Perhaps to counter that we need to patent a machine that stores all combinations of 0's and 1's to a googol of bits, and patent them all -- and then show how anything anyone tries to patent from then on maps to one of the bit sequences we've already patented... perhaps the best way to level the playing field is to destroy it.


Greg Linden: "If you want to get started building your personal web, take a look at Seruku and Recall Toolbar."

Also, I'm very excited today. Fluffy Bunny (aka Google Desktop) has been a thrilling tool to use... instant gratification...


(I just found some notes from Rohit written just after I wrote this post. I'm including it here because I think it offers a compelling vision...)

Personal Web Platform

Battelle's Web 2.0 Conference is next week. The theme is "the web as
platform", the trend of applications moving from stand-alone, with
local data, to networked, with shared, remote data. As this happens,
the details of one's local operating system become less relevant. All
you'll need is a web browser, and perhaps a select few other web-based
applications. With less stuff required of local applications, this
forms a threat to Microsoft's desktop dominance. My concern is whether
another company might replace Microsoft's desktop monopoly with a
"web OS" monopoly.

In this web-based world, I'd like to keep all my personal data
remotely, so that I can access it equally well from a Linux
workstation, an Apple laptop, a Palm phone and a Windows-based
internet-access terminal. Still, I'd like to leverage my local
resources. For example, my laptop and handheld should be able to
access my data while offline, and my workstation should be able to
search it quickly using a local database.

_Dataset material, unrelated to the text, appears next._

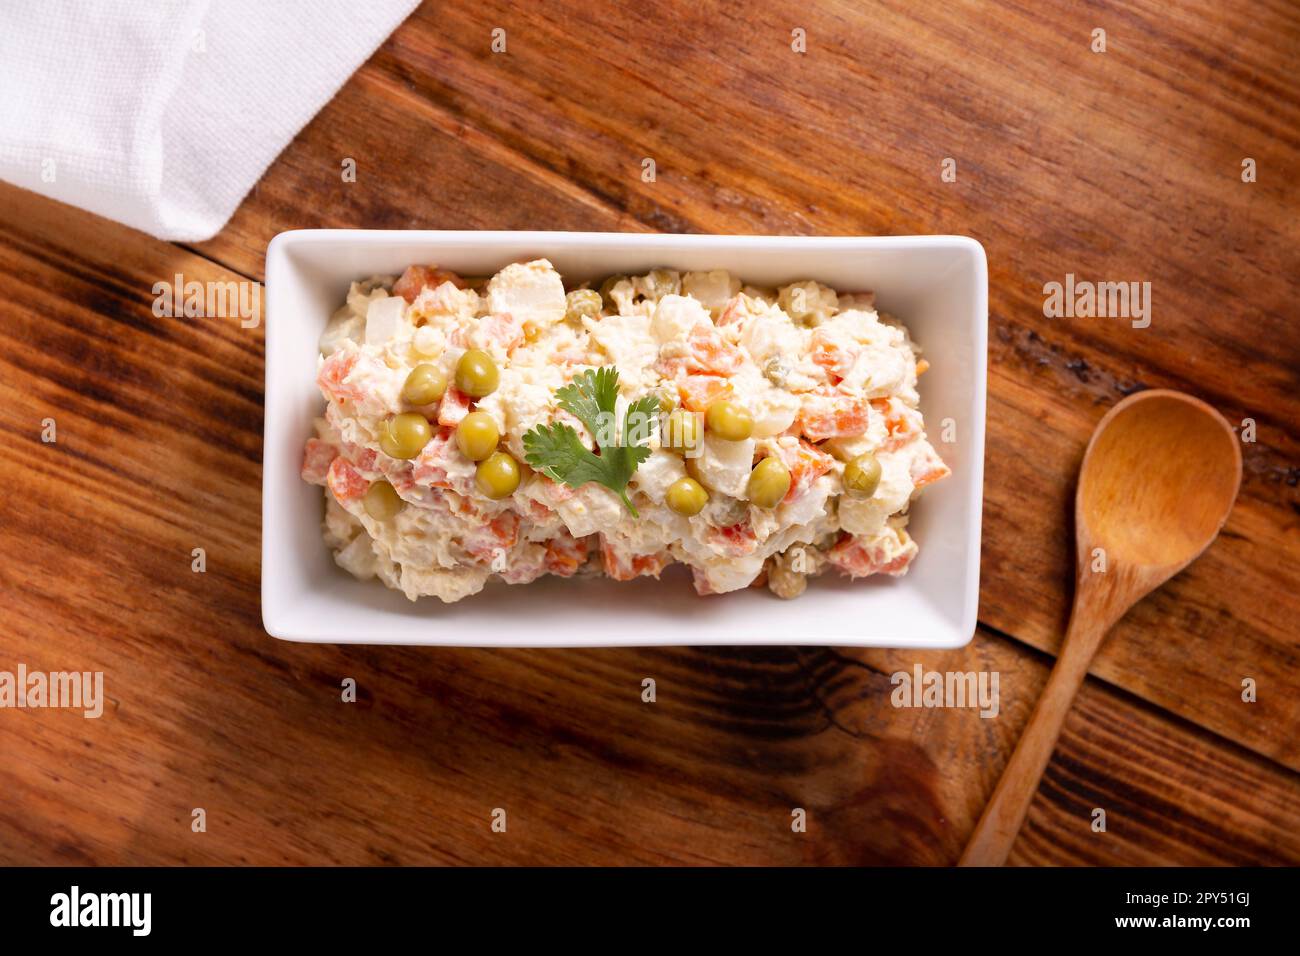 Russischer Salat, auch bekannt als Olivier-Salat. Das Gericht ist in mehreren Ländern sehr beliebt und die Hauptzutaten sind häufig Kartoffeln, Mayonnaise und vegetab Stockfoto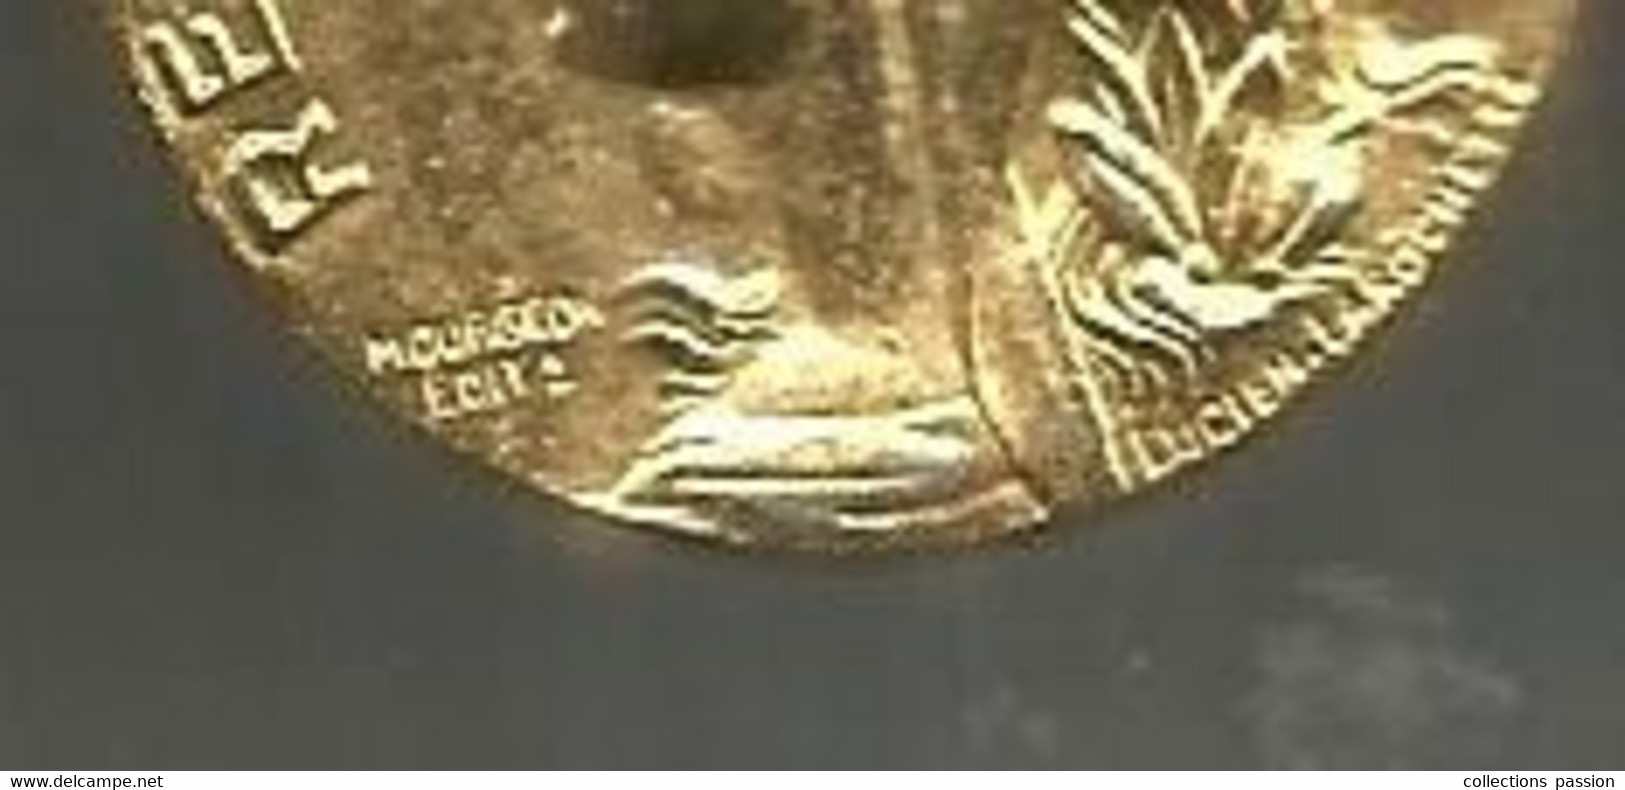 Médaille Du Travail, Commerce Et Industrie, Signée Mourgeon Edit R Et Lucien Larochette,1992, Frais Fr 2.25 E - Firma's

Another big advantage of storing data remotely is that, if my laptop
hard drive fails, or I get a new workstation, I don't have to worry
about copying all my stuff. I just log into my personal web and,
voila, all my stuff is right there.

As implied above, I should be able to search all my data. Apple's
Spotlight will search my local private data on a Mac, as will Gnome's
Beagle and Longhorn on Windows. But synchronizing my data across these
platforms is still a pain, so these don't really solve the problem.

What's needed to make this possible? We already have standards for
accessing most remote data. Email can be accessed with IMAP, Address
books with LDAP, files with WebDAV, chat with Jabber, etc. There are
even providers for most of these services, and each has clients for
most platforms. So what's missing? A little glue, I think.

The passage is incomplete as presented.